Um den Befehl beim Booten automatisch zu starten, tragen wir ihn bei SuSE in "/etc/init.d/boot.local" ein, bei anderen Distributionen gibt es ähnliche Möglichkeiten.

Fertig.

*3. Individuelle Lüftersteuerung per Script (optional)*

Im Dateianhang findet ihr mein Script nx6125-fancontrol, das die Steuerung der Lüfter komplett übernimmt. In Zeile 26 sind die Lüfternamen definiert (können je nach BIOS-Version abweichen), und in den Zeilen 27 und 28 die "Trip Points", bei denen die Lüfter ein- und ausgeschaltet werden. Durch Anpassen dieser Werte läßt sich ein beliebiges Lüfterverhalten programmieren.

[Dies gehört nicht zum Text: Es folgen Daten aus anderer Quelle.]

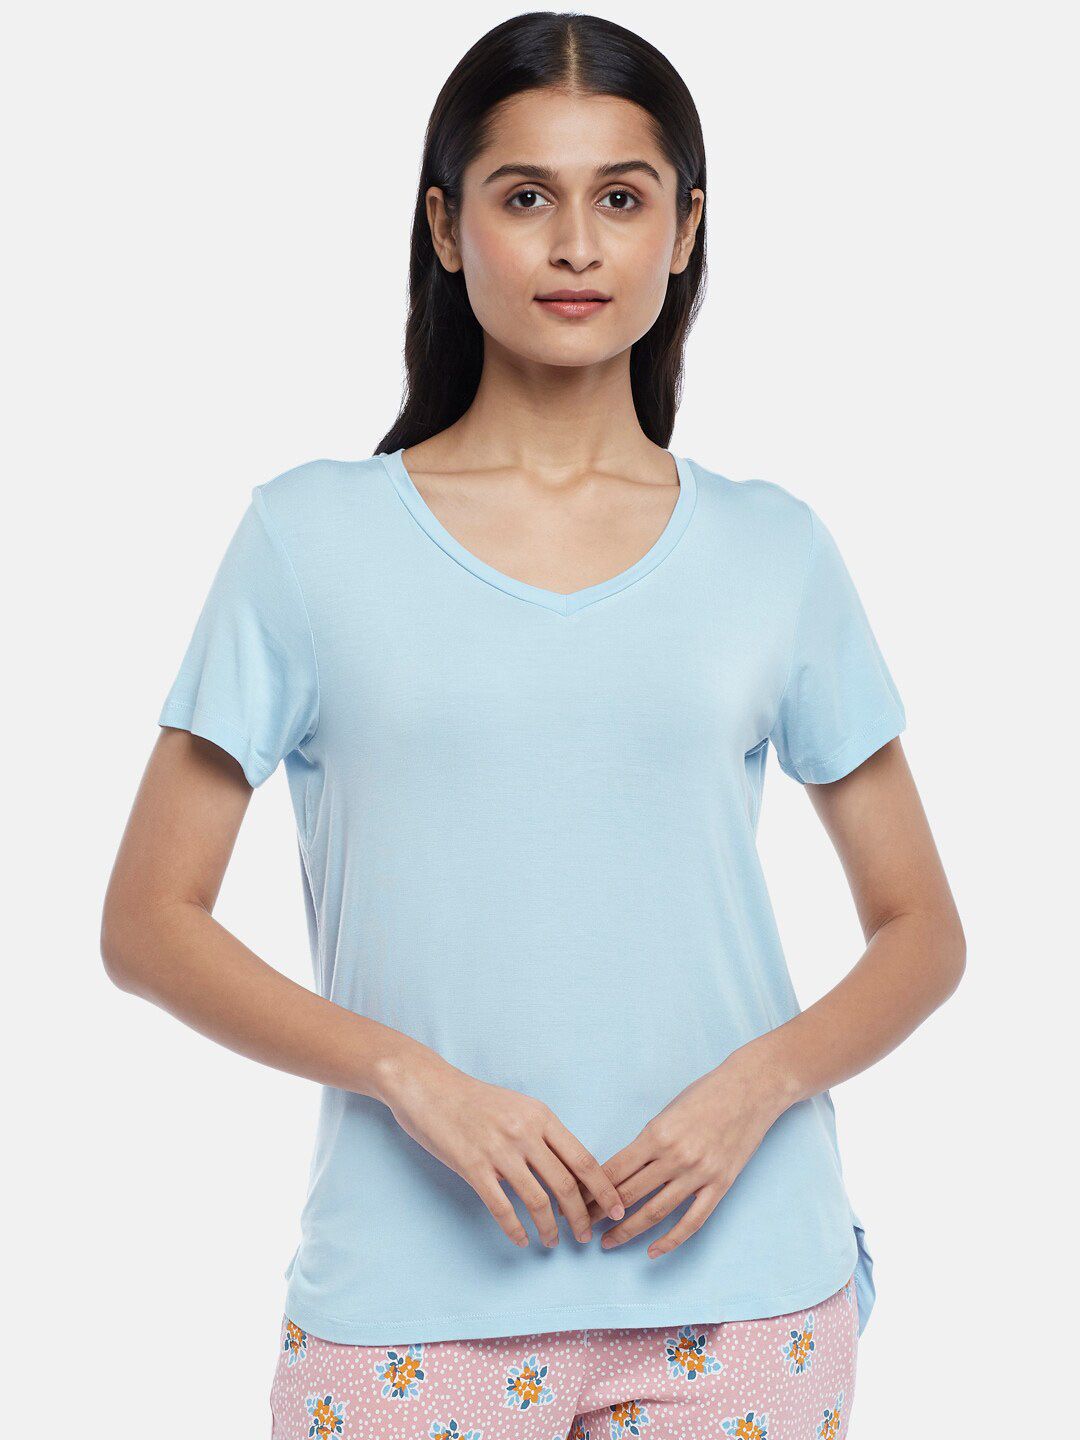 Dreamz by Pantaloons Blue Lounge T-Shirt Price in India
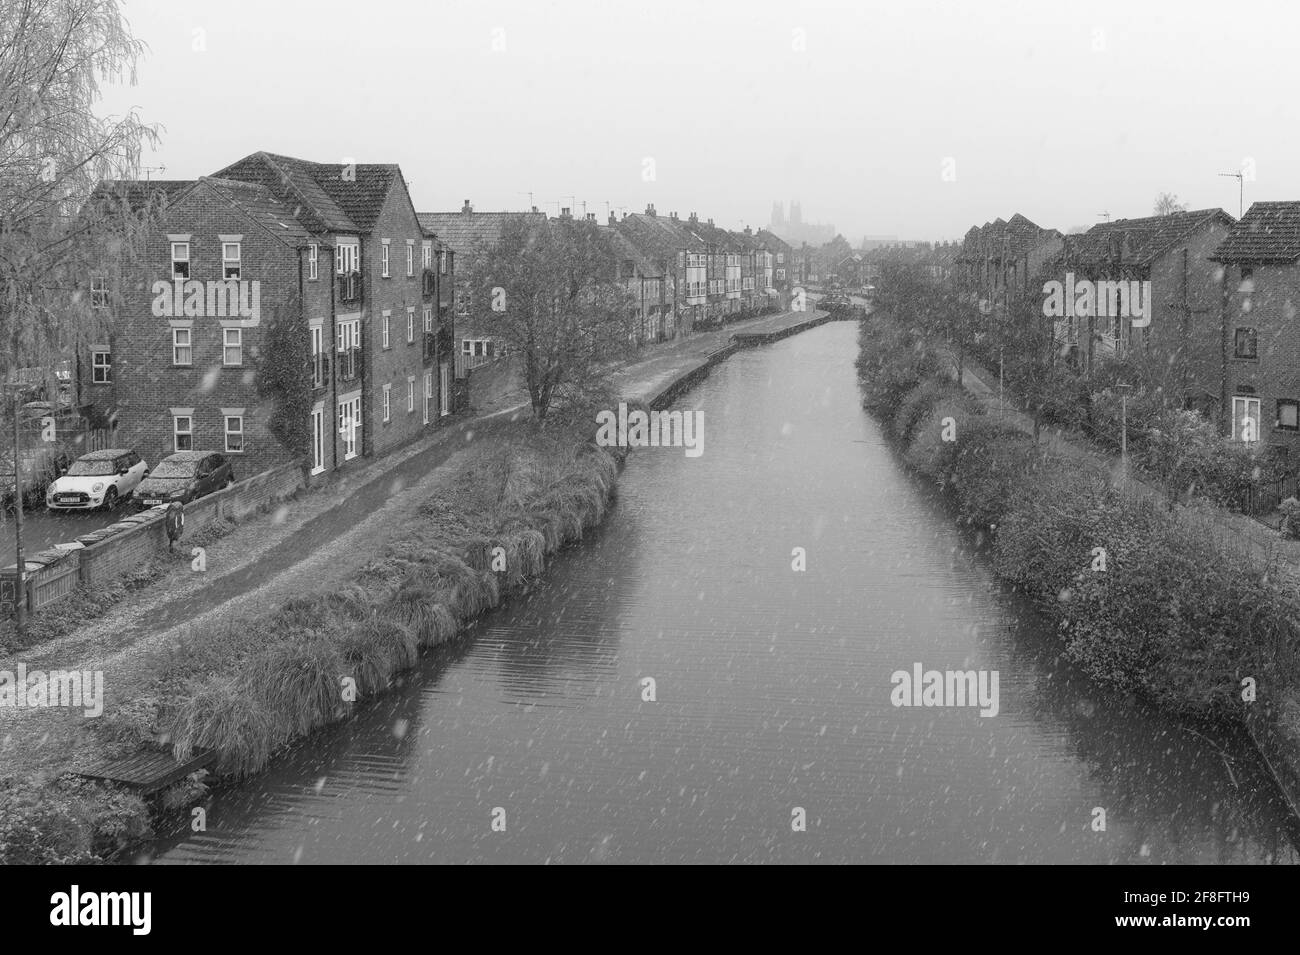 Snow falls in spring over the beck flanked by town houses on a bleak morning in Beverley, Yorkshire, UK. Stock Photo

Es sollte nach acpid und powersaved gestartet werden, da diese offenbar die Trip Points wieder resetten.

Achtung: Das Script ist eine Alphaversion und wenig getestet, Benutzung nur durch Fortgeschrittene und auf eigene Gefahr :-).

------------------------- Ende ------------------------
Edit 16.02.06: Pkt. 2 vereinfacht
Edit 27.02.06: Rechtschreibung

----------